Все это Виджа излагал с вытаращенными от страха глазами, а под конец сообразил, что выглядит форменным шутом, и умолк. Абакомо внимал ему с добродушной улыбкой; вокруг звучали смешки; тщедушный монах, чтобы не прыснуть, закусил вислый ус. У Ибн-Мухура по телу разливалось блаженное тепло – он уже понял, что все идет как по писаному.

– Да хранит вас Нергал, любезнейший, – сказал Абакомо, и посла затрясло – агадейское пожелание доброго здоровья в ушах иноземца звучало страшнейшим проклятием, – но я ничего не понял из вашей обличительной речи. Какой мерин, какой червь, что за орды, что за демоны? И как вам могло прийти в голову, что я способен нанести нашей дружбе невосполнимый ущерб? Или вы забыли девиз, вырезанный на моей королевской печати, девиз, которому я следую с младых ногтей? «Иные копят злато – я коплю друзей». Давайте-ка успокоимся, выпьем по глотку пунша и попробуем разобраться, в чем дело.

Все это Абакомо высказал без тени насмешки; его приближенные попритихни, и нехремец взял себя в руки. Он благодарно кивнул, принял из рук слуги серебряный кубок, торопливо поднес к губам, поперхнулся и обрызгал слуге ливрею. Это сразу разрядило атмосферу: агадейцы теперь имели полное право хохотать до упаду, Виджи вторил им, истерически повизгивая, а когда смех унялся, он опустился на софу и повел более осмысленную речь.

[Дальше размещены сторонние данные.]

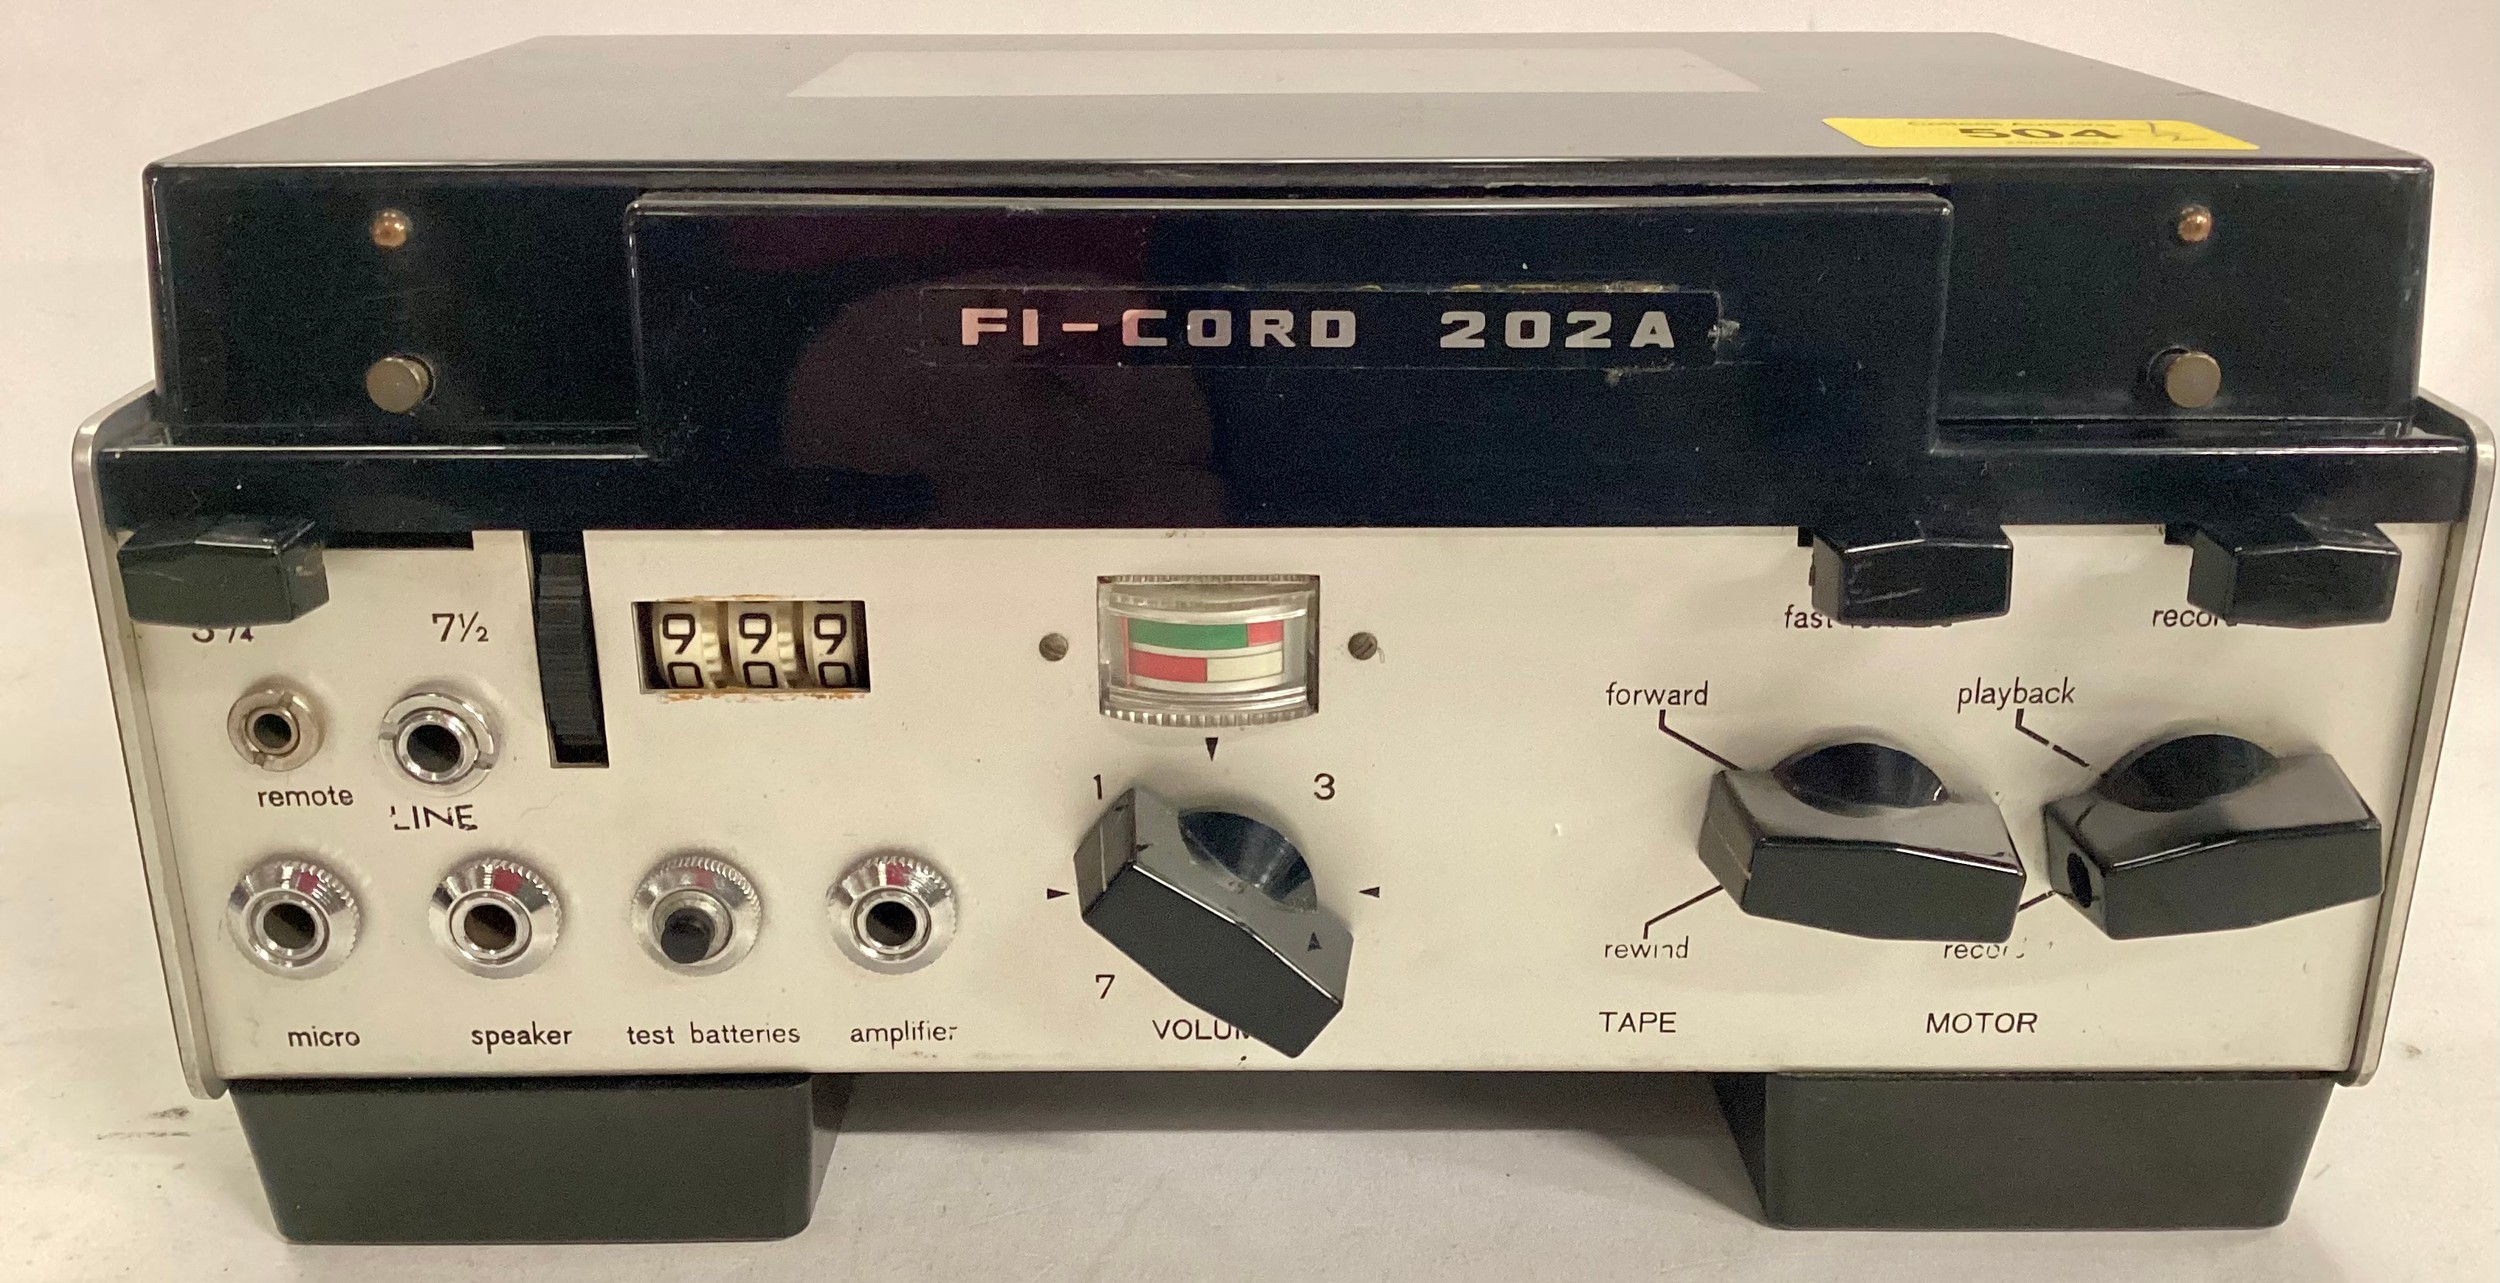 FI-CORD PORTABLE REEL TO REEL TAPE RECORDERS. Here we have 2 tape recorders model No. 202A. One - Image 6 of 8

Едва он закончив, Абакомо возмущенно вскочил с кресла.

– Ну и дела! При всем моем уважении к Токтыгаю, разгул его фантазии просто ошеломляет. Мы – с апийскими бандитами! Надо же такое вообразить! Заманиваем армии в подлые ловушки! Сжигаем села! Осаждаем города! Мы, миролюбивые агадейцы, не воевавшие на чужой земле больше века! Сущий бред, клянусь милосердием Инанны!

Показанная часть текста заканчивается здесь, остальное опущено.